Жил он один и заботился о себе сам. Привык. Делал зарядку, беспокоился о своем внешнем виде и питании, без конца мотался на другой конец города за деревенской сметаной или свежей рыбой. Но память была уже не та, он подолгу вспоминал, что делал вчера и что собирался сделать сегодня, стараясь проговаривать про себя то, что сейчас делает — так оно лучше запоминалось. В такие моменты ему казалось, что время замедляет свое течение, и этот необъятный мир сжимается до размеров того, на что он смотрит. Как будто есть только он и его настоящее.

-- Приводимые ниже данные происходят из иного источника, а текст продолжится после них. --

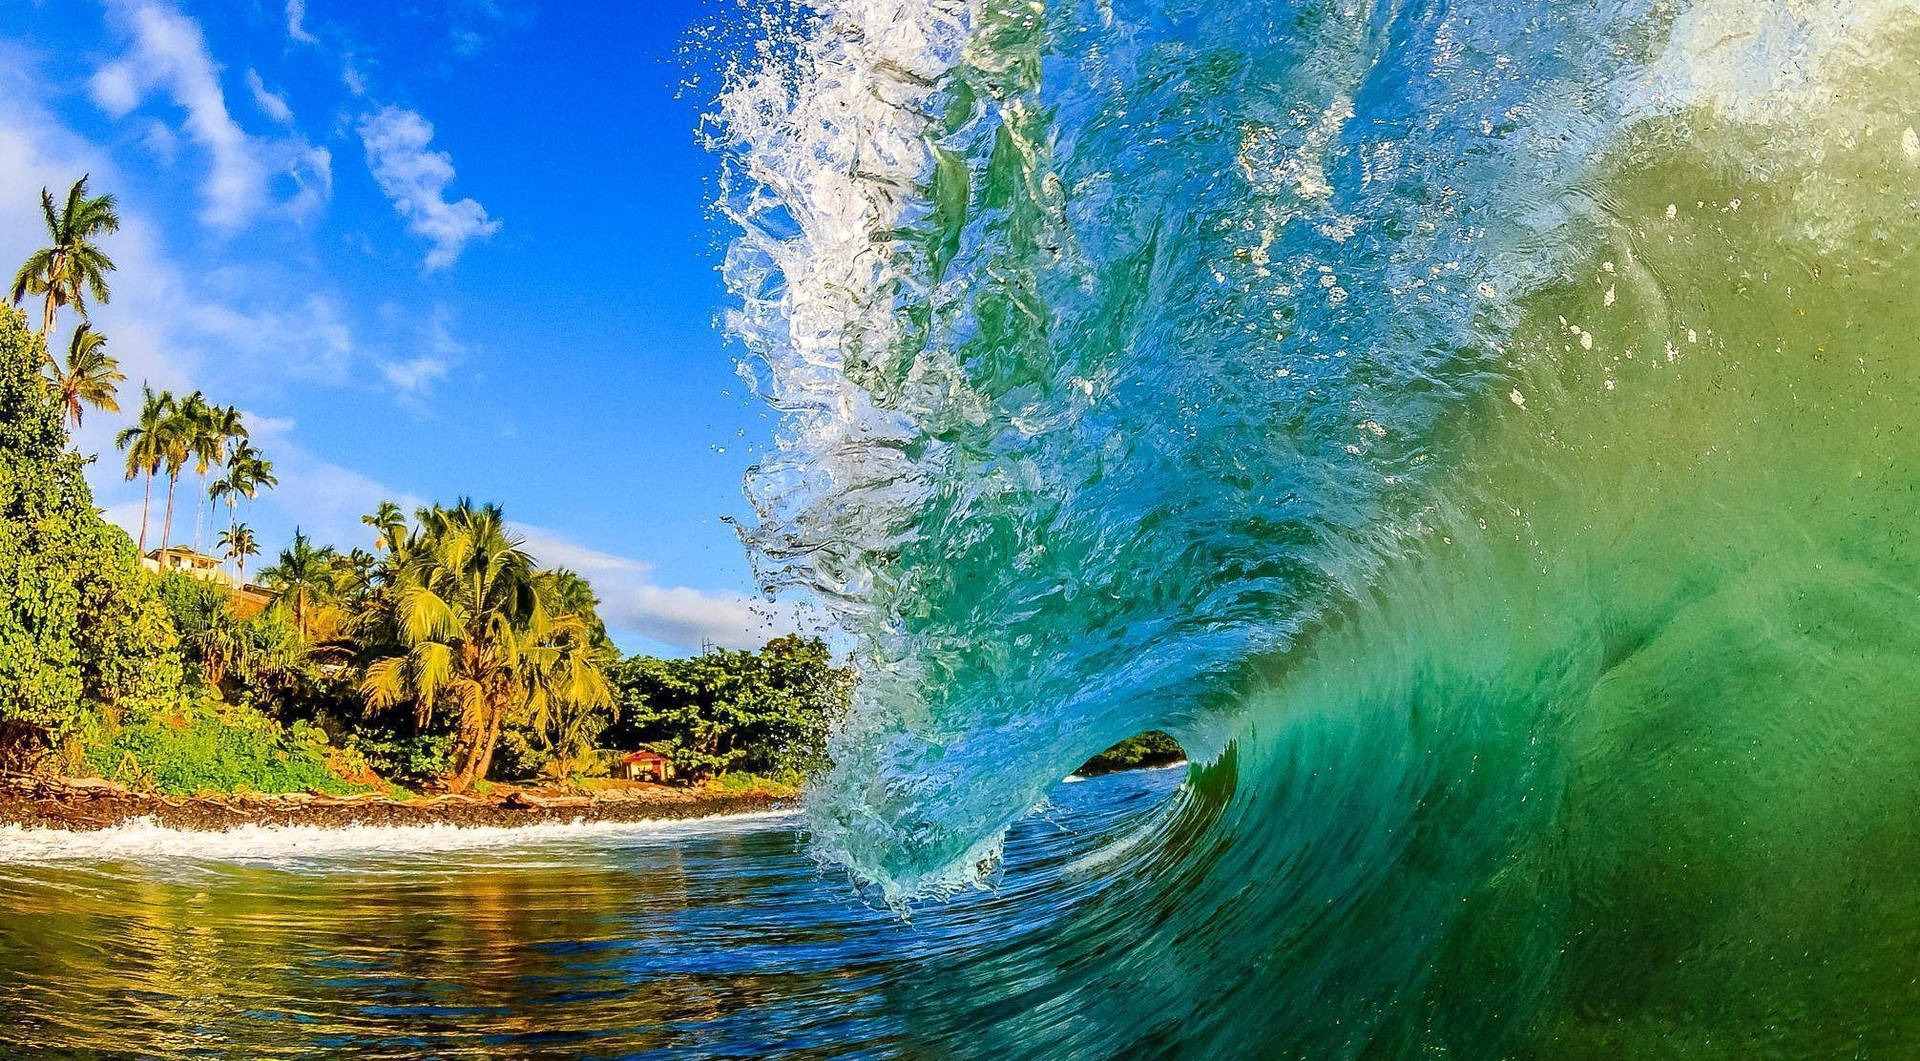 Gopro Shot Inside A Wave Background

Закончив штопать старые черные носки или перчатки, старик аккуратно втыкал иголку с забытой в ней ниткой в мягкую подушечку, укладывая катушку с нитками и наперсток в коробочку. Коробочку он ставил в сервант и громоздил сверху ножницы, которые были слишком велики и в коробку не влезали. Закрепив шитье узелками, он складывал носки в шкаф, а перчатки — на тумбочку в прихожей. Немного побродив из комнаты в комнату, он вспоминал, что надо бы зашить еще старые брюки. Он порвал их, когда зацепился за угол двери мужского сортира, пытаясь побыстрее вырваться из этого вонючего музея с застывшими у окна курильщиками. Он снова доставал из серванта швейные принадлежности и садился на край дивана, поближе к окну. Ножницы он бережно пристраивал справа от себя, коробочку — слева, а брюки раскладывал на коленях, аккуратно разворачивая ткань, чтобы не смять отглаженные стрелки. Взяв подушку с иголками, старик щурился, выискивая ту, что со свободным ушком.
Свою давно умершую жену старик вспоминал нечасто. Ее фотография в дешевой деревянной рамке висела на стене вместе с другими черно-белыми ровными прямоугольниками фотобумаги — обрывками его жизни. На той фотографии жене было не больше сорока лет — молодая еще, красивая. Но взгляд старика скользил по этой фотографии, не останавливаясь. Примелькалась за столько лет. Редко, ночью, когда старику не спалось, он подолгу смотрел на эту красивую женщину, даже не осознавая, что это его жена. Иногда в лунном свете лицо с узкими скулами, обрамленное темными волосами, приобретало какую-то неземную загадочность. Казалось, что она смотрит в окно — живая, задумчивая, прекрасная. Волшебная. Разве у него могла быть такая жена?..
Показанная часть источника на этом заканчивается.